Like the one Andre had driven last night. I worked on them from time to time in lieu of making a cash payment to the seethe. All the businesses in the greater Tri-Cities who weren’t affiliated with more powerful groups paid protection money to the vampires. That’s how I first met Stefan. He had helped me negotiate my payment from cash (which I couldn’t afford) to work—mostly on his van, as it turned out, though I did the upkeep on the seethe’s cars as well. They were Mercedes and BMWs, big, black sedans with dark, dark windows—just what you’d expect a bunch of vampires to drive.
“They popped open the trunk—and I thought they were going to shove me in, but it was worse than that. They already had Joey in there.” She jumped up abruptly and ran from the room. I heard her throwing up.
“They killed Joey, cut off her head so she wouldn’t ever become one of them.” Naomi spoke evenly, but had to set down her coffee so she wouldn’t spill it. “They told Rachel that we were to stay inside this house until they decided what to do with us. They didn’t have to kill Joey to deliver that message. They could just have brought her back here—or one of them could have brought her over, the way Andre brought over Daniel.”
“Rachel said ‘she’. Was it Marsilia?” I asked.
Naomi shook her head. “It was the Teacher. Marsi
lia…Stefan was a favorite of hers. I don’t think she’d have killed one of us.”
“The Teacher?” I asked.
“Her real name is Estelle—she reminds me of an evil Mary Poppins.”
I knew the one she meant.
“They all have names among themselves,” she explained. “Stefan was the Soldier, Andre is the Courtier. Stefan said it had to do with an old suspicion that if you spoke evil’s name, you drew its attention. Stefan didn’t believe in it, but some of the older vampires won’t use real names when they talk of others.”
“So Estelle,” I said her name deliberately, “went against Marsilia’s wishes?”
“No. Well, probably, but not against her orders.”
“I’m trying to understand how the seethe works,” I told her. “That’s why I came here.”
Rachel came back in the room looking even more pale than she had before. “I thought you were looking for Stefan?”
I nodded. They wouldn’t care about Samuel and Adam. “I think…I think that there is more going on than just a vampire turned sorcerer.

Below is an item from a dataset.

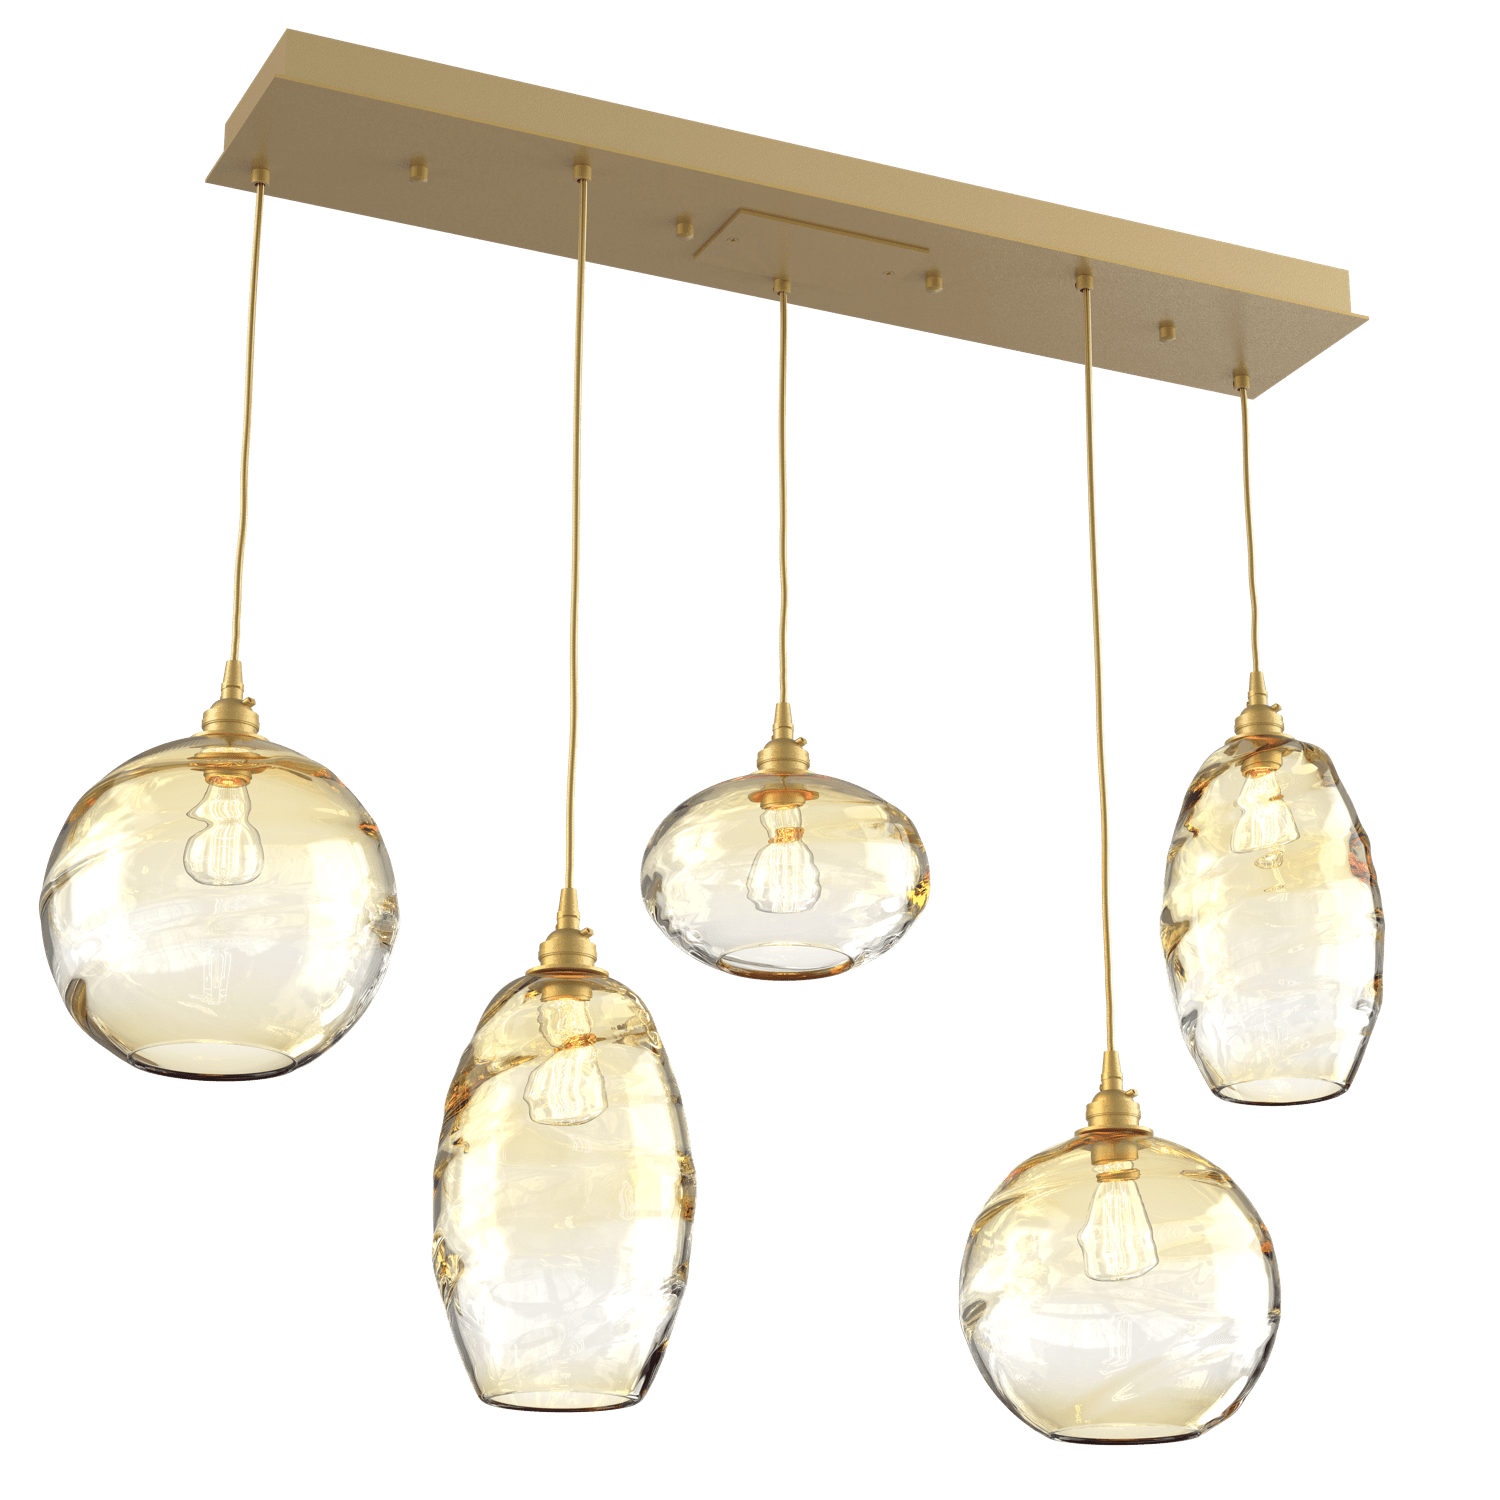 PLB0048-05-GB-OA-Hammerton-Studio-Optic-Blown-Glass-Misto-5-light-linear-pendant-chandelier-with-gilded-brass-finish-and-optic-amber-blown-glass-shades-and-incandescent-lamping

I wonder, for instance—who turned the sorcerer into a vampire.”
“You think there’s another vampire involved?” Naomi asked.
“Stefan said that the sorcerer was a new-made vampire. It occurred to me that his maker might be pulling the monster’s strings. But I don’t really know enough about vampires to make an educated guess.”

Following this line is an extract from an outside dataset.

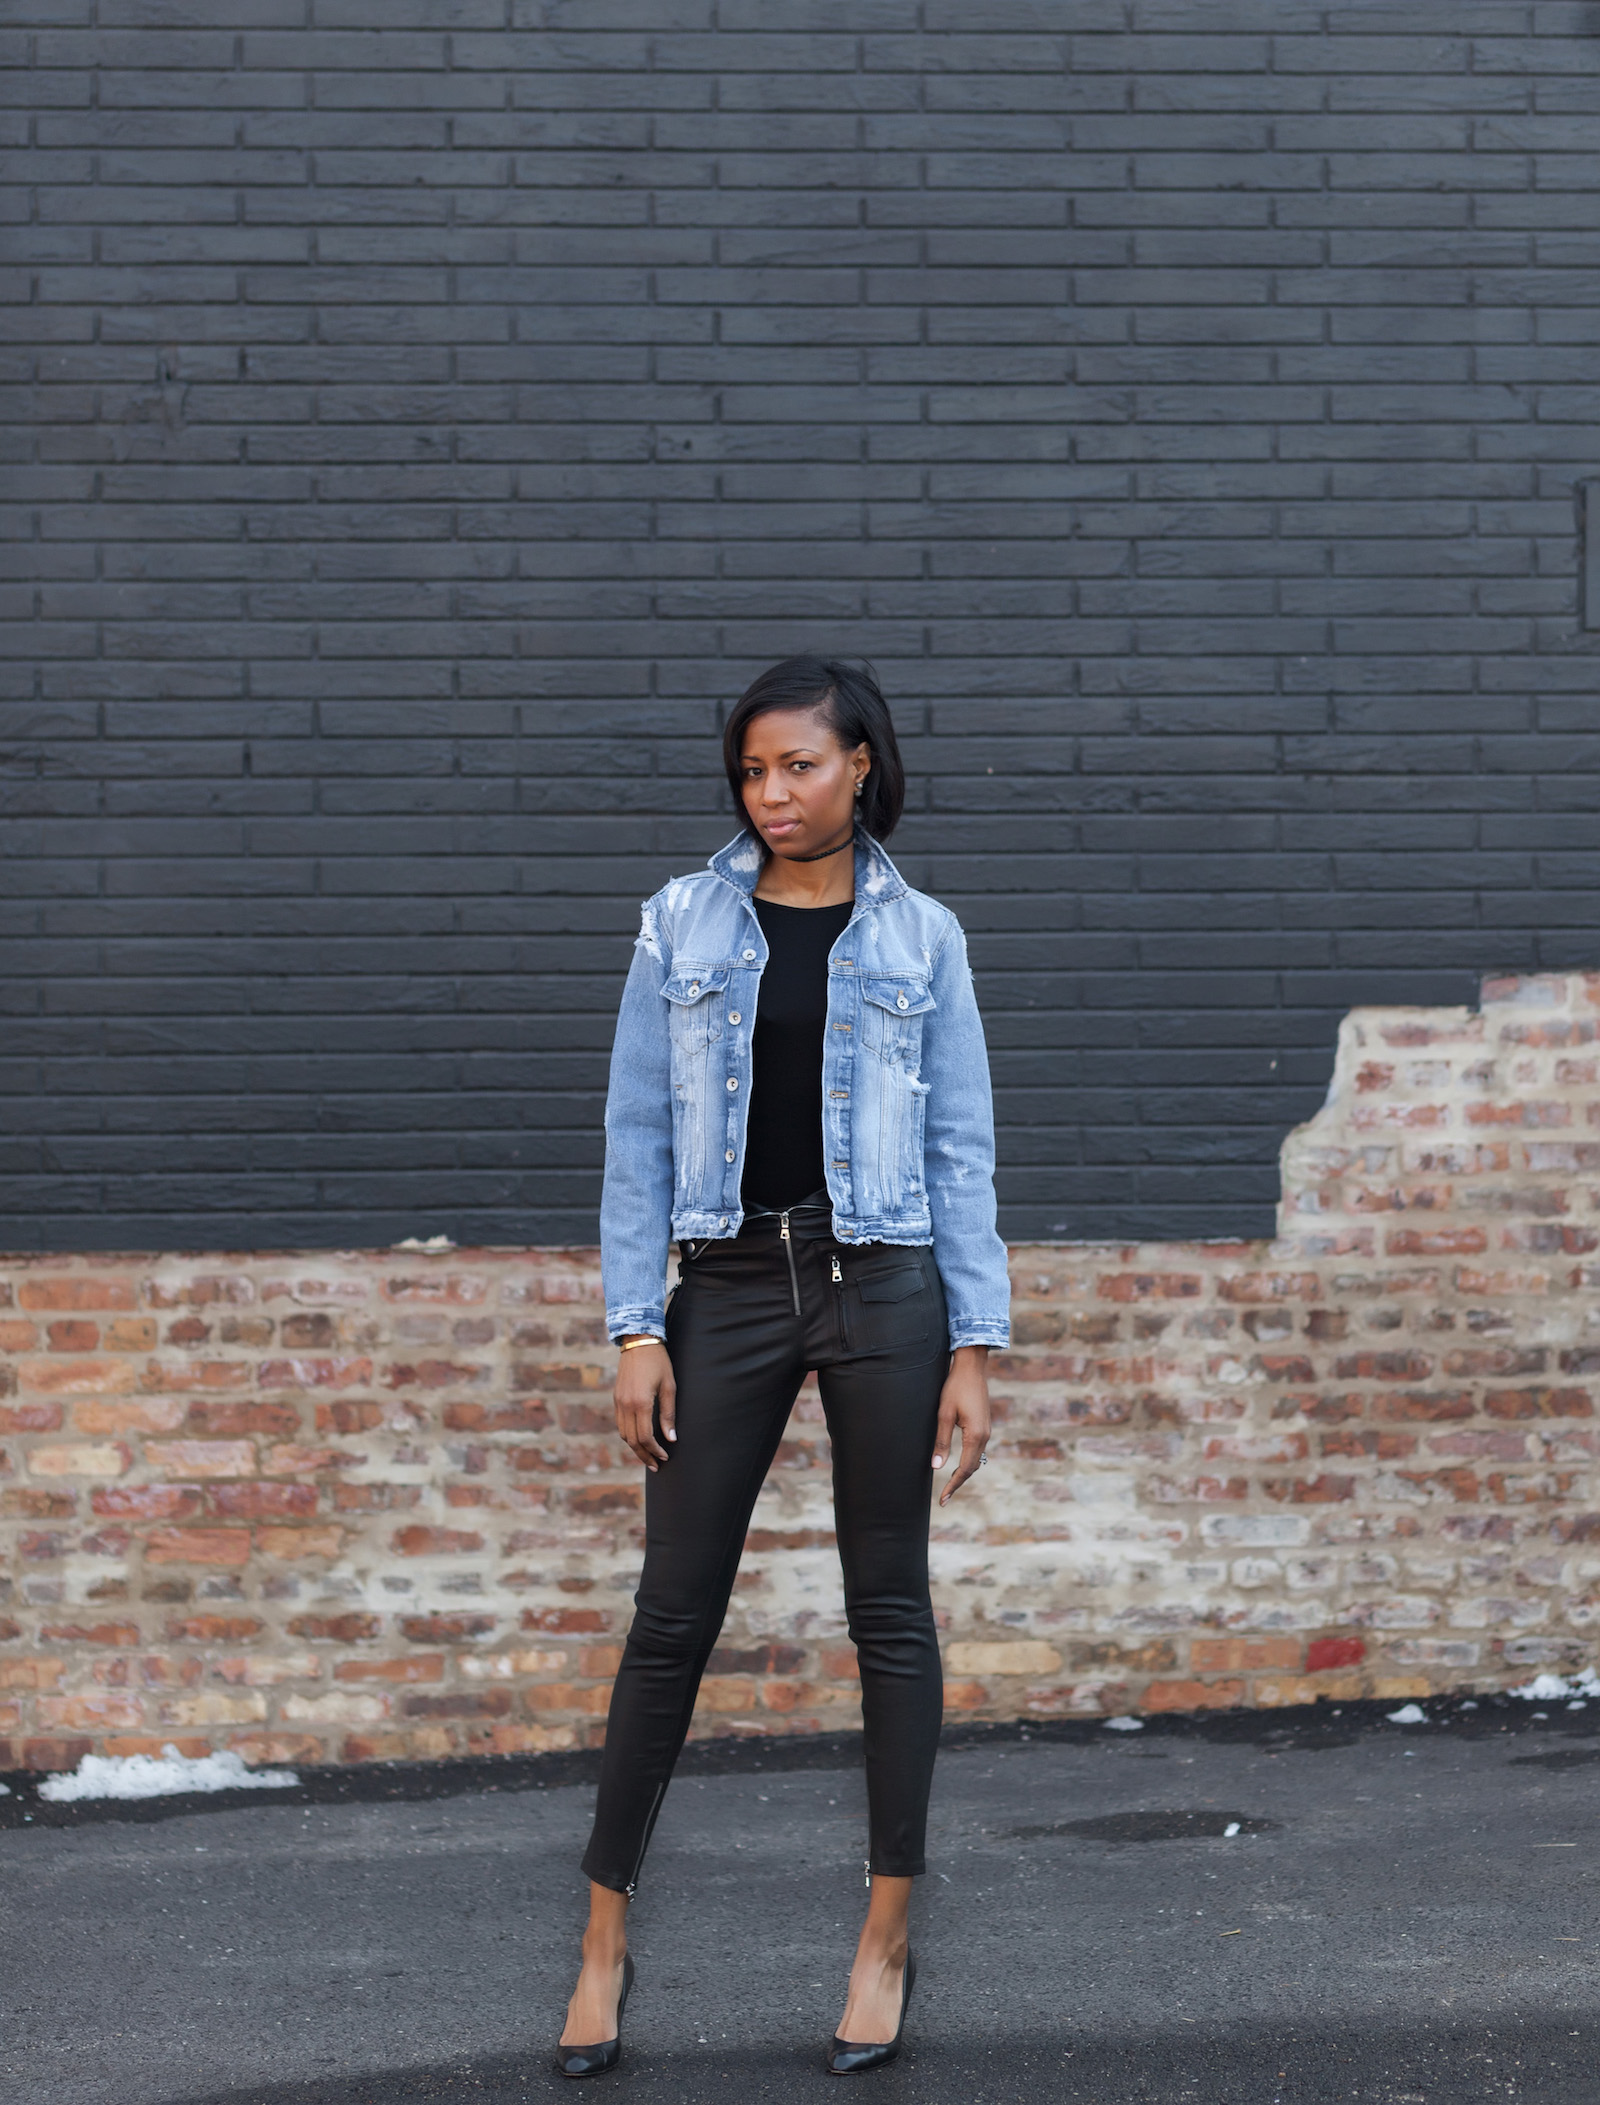 denim and leather outfit

“I do,” Naomi said slowly, straightening in her chair. Something shifted in her face and I saw yesterday’s competent woman take control. “I can help you, but there’s a price.”
“What price?” I asked.
I somehow doubted that she wanted me to sing for her; she didn’t have Uncle Mike’s sense of humor. And as the thought occurred to me, I finally figured out that once Uncle Mike claimed me as his guest, the fae couldn’t do anything bad to me without challenging him—which was why the big woman had sighed in disappointment when Uncle Mike told them I was his guest, even as he condemned me to sing in front of the whole lot.